Below is more detailed information on how Santander and BBVA, Spain’s two biggest banks, have reported their huge profits in 2021.


Driven by a strong performance in the United States and Britain, the bank booked a net profit of €8.1 billion in 2021, close to a 12-year high. 

It was a huge improvement from 2020 when the pandemic hit and the bank suffered a net loss of €8.7 billion after it was forced to write down the value of several of its branches, particularly in the UK. It was also higher than 2019, when the bank posted a net profit of €6.5 billion.

Analysts from FactSet were expecting profits of €7.9 billion. 

“Our 2021 results demonstrate once again the value of our scale and presence across both developed and developing markets, with attributable profit 25 per cent higher than pre-COVID levels in 2019,” said chief executive Ana Botin in a statement.

Net banking income, the equivalent to turnover, also increased, reaching €33.4 billion, compared to €31.9 billion in 2020. This dynamic was made possible by a strong increase in customer numbers, with the group now counting almost 153 million customers worldwide. 

“We have added five million new customers in the last 12 months alone,” said Botin.

Santander performed particularly well in Europe and North America, with profits doubling in constant euros compared to 2020. In the UK, where Santander has a strong presence, current profit even “quadrupled” over the same period to €1.6 billion.

Last year’s net loss was the first in Banco Santander’s history, after having to revise downwards the value of several of its subsidiaries, notably in the UK, because of COVID.

The banking giant, which cut nearly 3,500 jobs at the end of 2020, in September announced an interim shareholder payout of €1.7 billion for its 2021 results. “In the coming weeks, we will announce additional compensation linked to the 2021 results,” it said.


The group, which mainly operates in Spain but also in Latin America, Mexico and Turkey, posted profits of €4.65 billion ($5.25 billion), up from €1.3 billion a year earlier.

The result, which followed a solid fourth quarter with profits of €1.34 billion, was higher than expected, with FactSet analysts expecting a figure of €4.32 billion .

Excluding non-recurring items, such as the outcome of a restructuring plan launched last year, it generated profits of 5.07 billion euros in what was the highest figure “in 10 years”, the bank said in a statement.

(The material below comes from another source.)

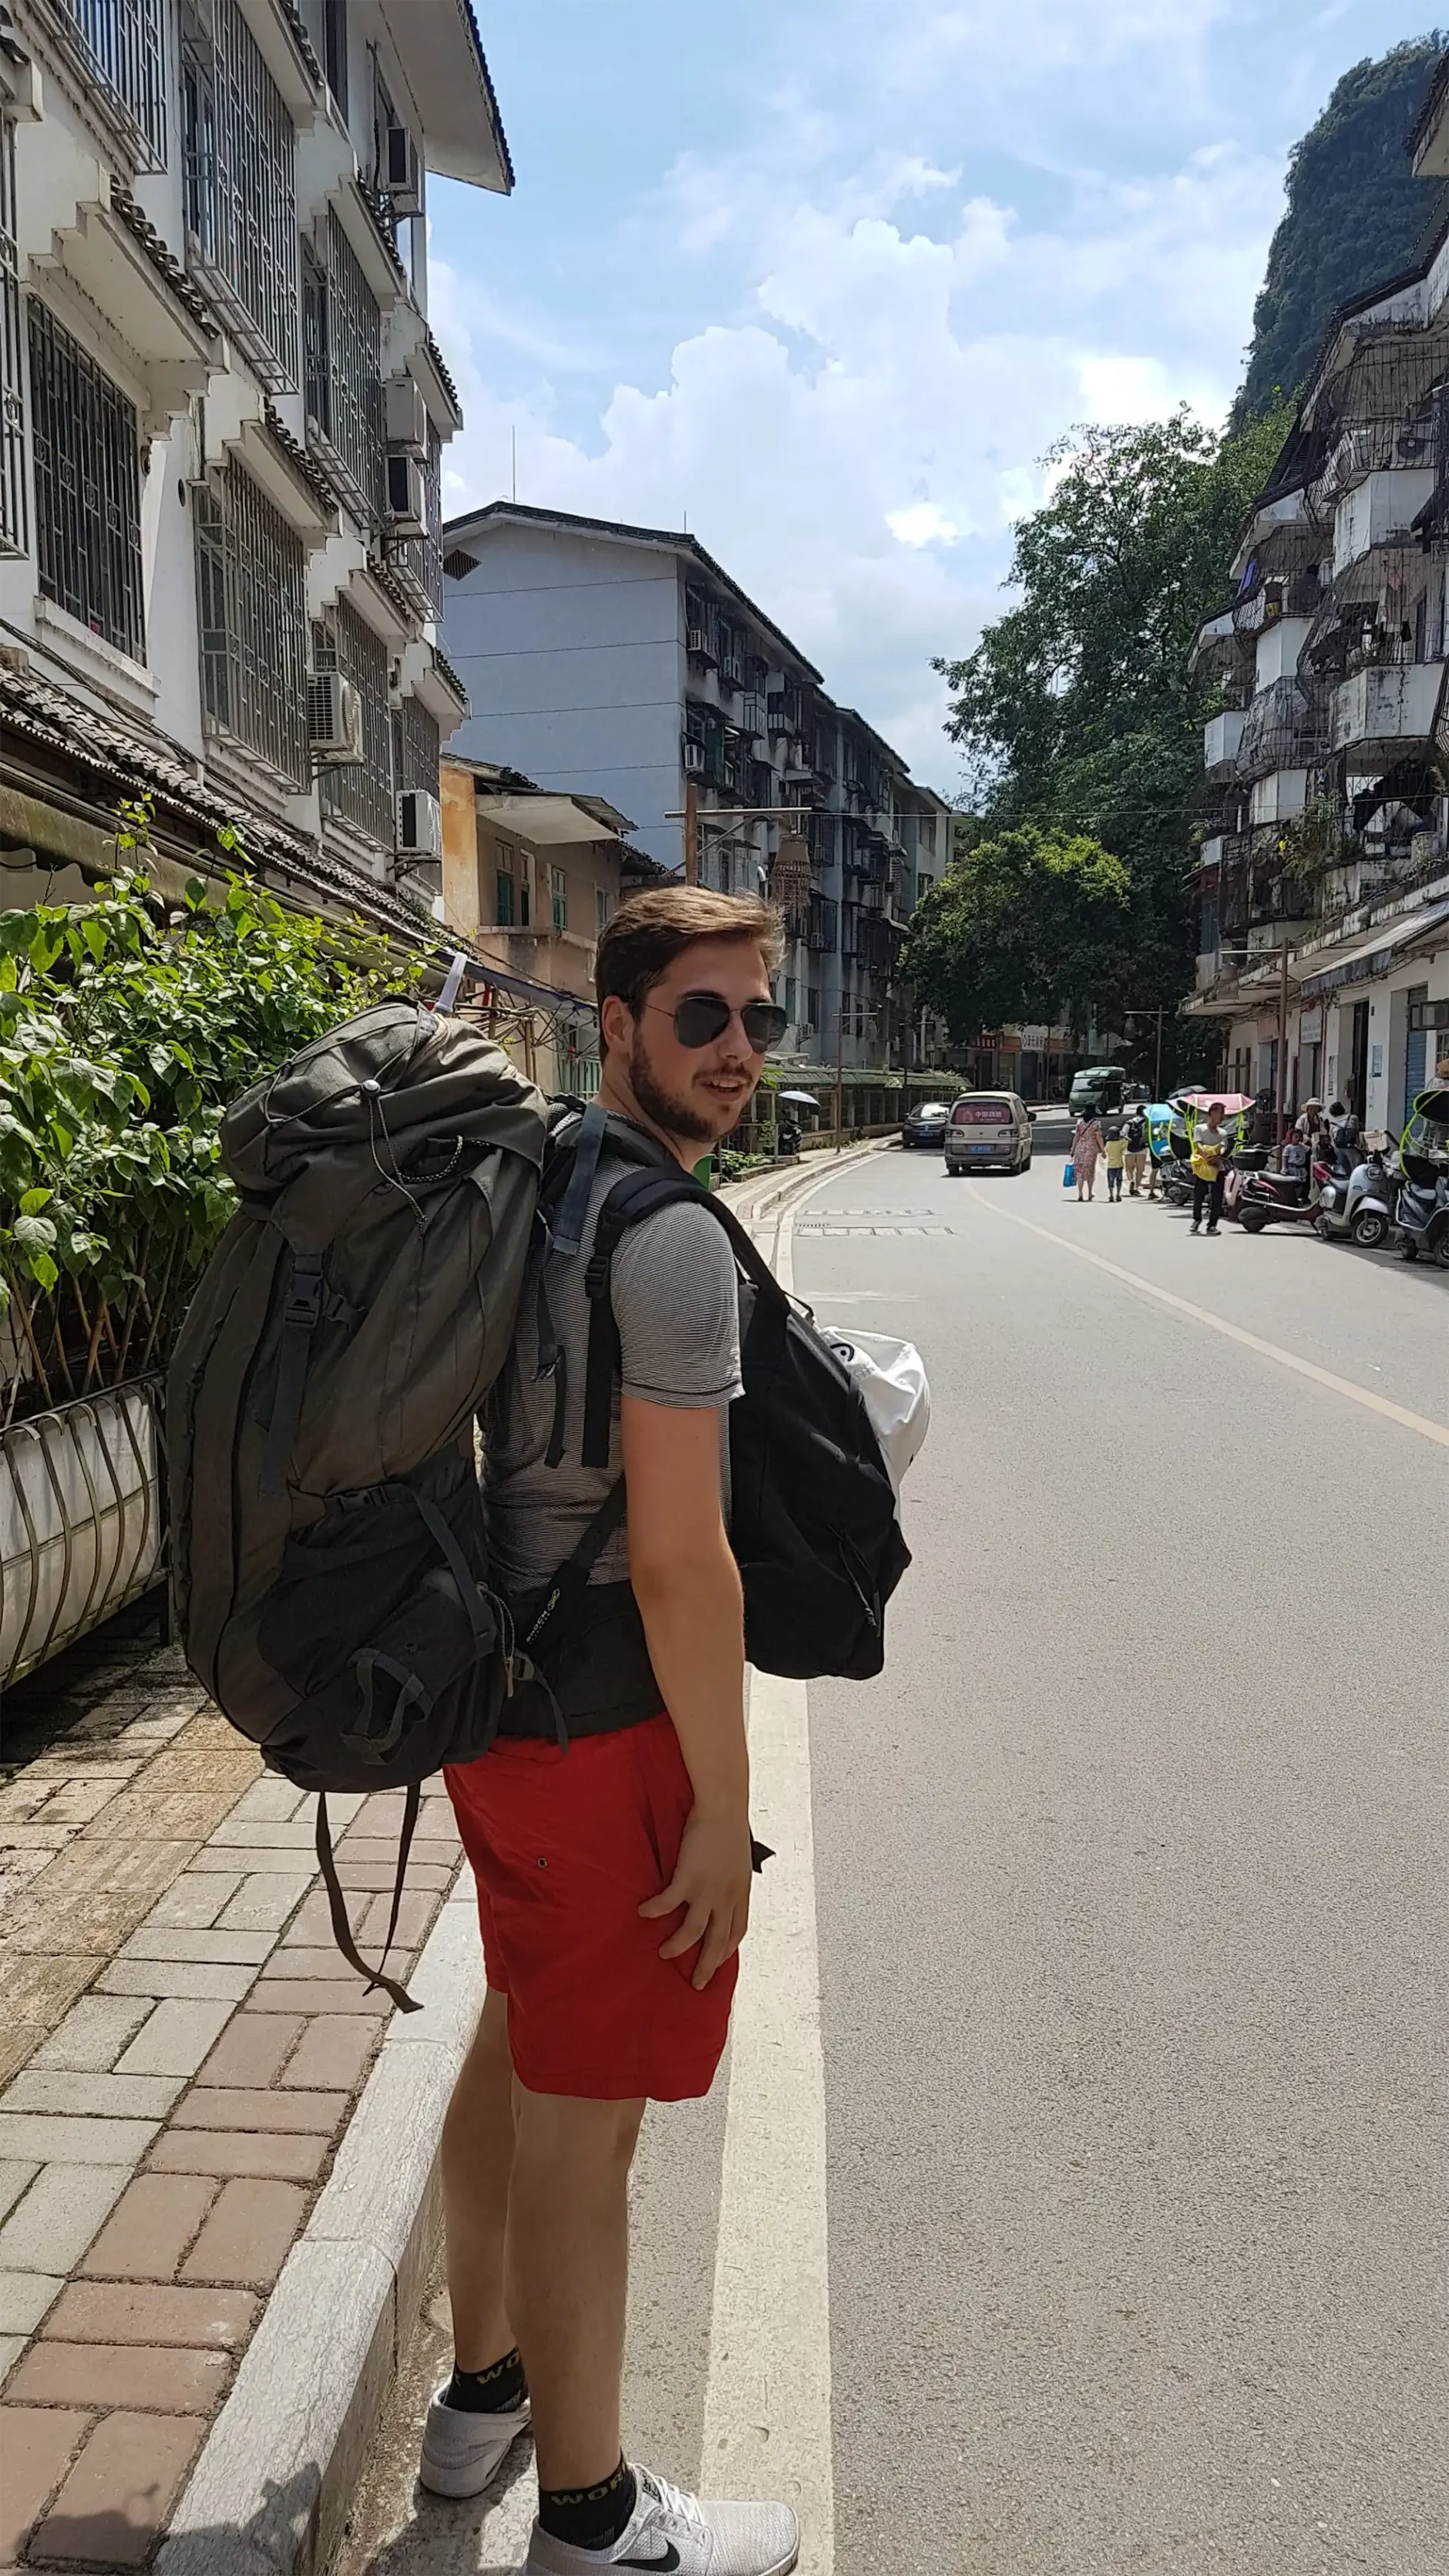 Piotr van Rijssel with backpacks on the street.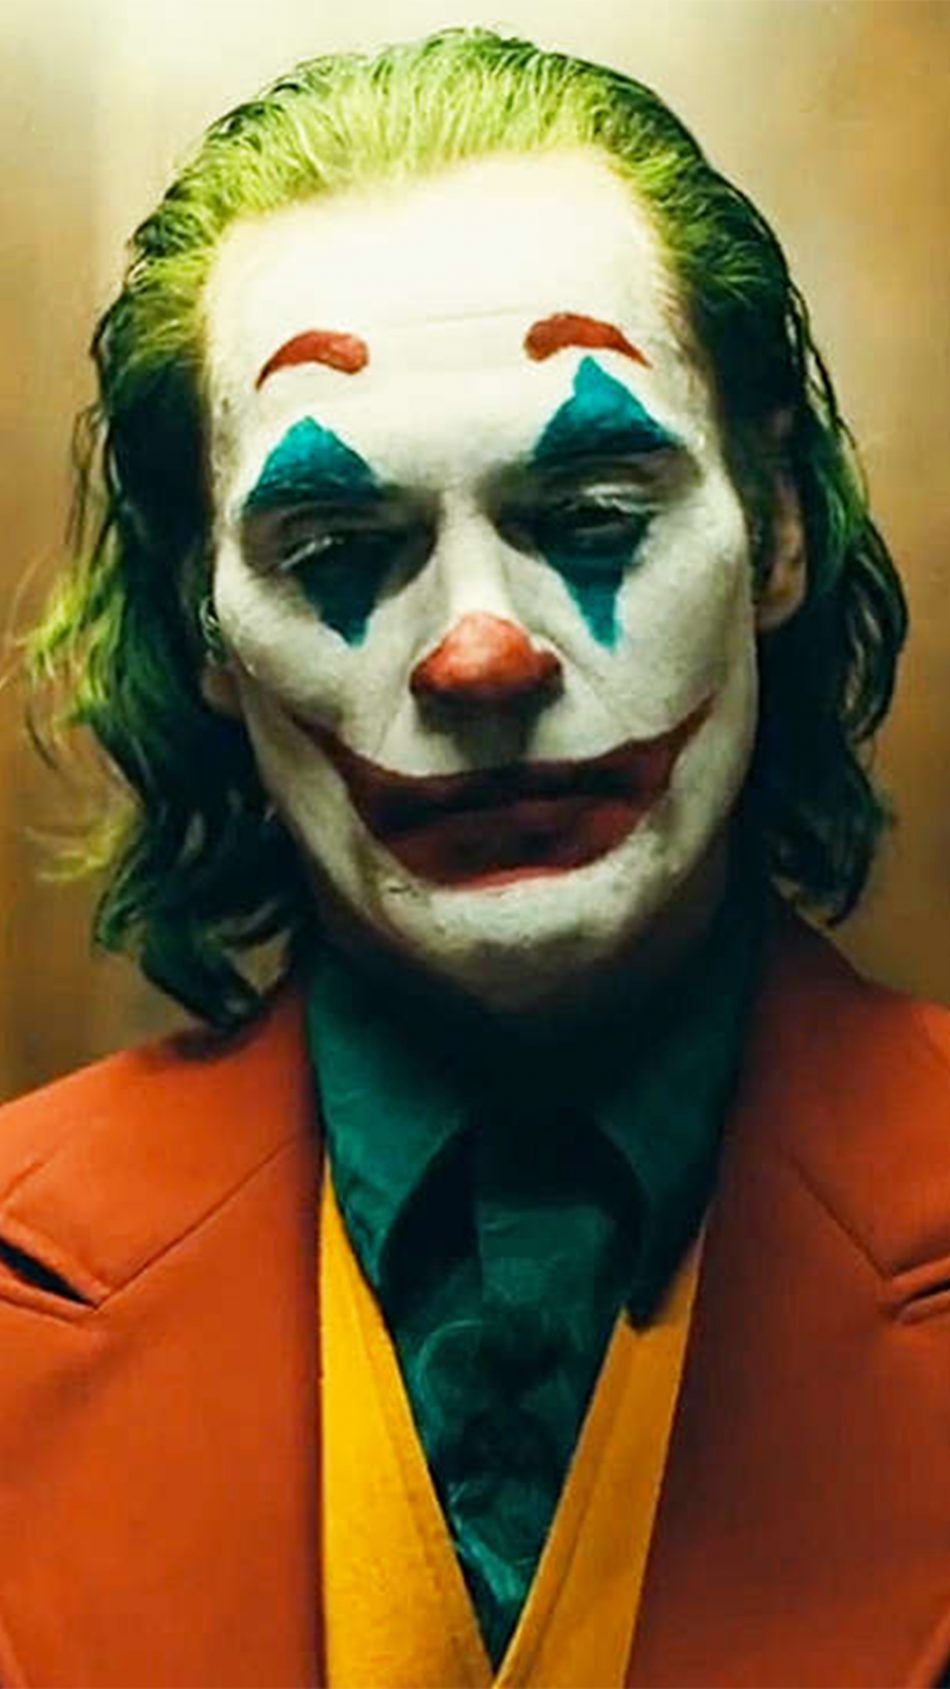 Free download Download Joaquin Phoenix In Joker 2019 Free Pure 4K ...

In 2020, the Spanish bank saw its net profit tumble 63 percent as a result of asset depreciation and provisions taken against an increase in bad loans due to the economic fallout of the virus crisis.

“The economic recovery over the past year has brought with it a marked upturn in banking activity, mainly in the loan portfolio,” the bank explained, pointing to a reduction of the provisions put in place because of Covid.

In 2021, BBVA added a “record” 8.7 million new customers, largely due to the growth of its online activities. It now has 81.7 million customers worldwide.

The group’s net interest margins also rose 6.1 percent year-on-year to €14.7 billion, said the bank, which is undergoing a cost-cutting drive.

So far, it has axed 2,935 jobs and closed down 480 branches as the banking sector undergoes increasing digitalisation and fewer and fewer transactions are carried out over the counter.

At the end of 2020, BBVA sold its US unit to PNC Financial Services for nearly 10 billion euros and decided to reinvest some of the funds in the Turkish market.

In November, it launched a bid to take full control of its Turkish lending subsidiary Garanti, offering €2.25 billion ($2.6 billion) to buy the 50.15 percent stake it does not yet own.

The deal should be finalised in the first quarter of 2022.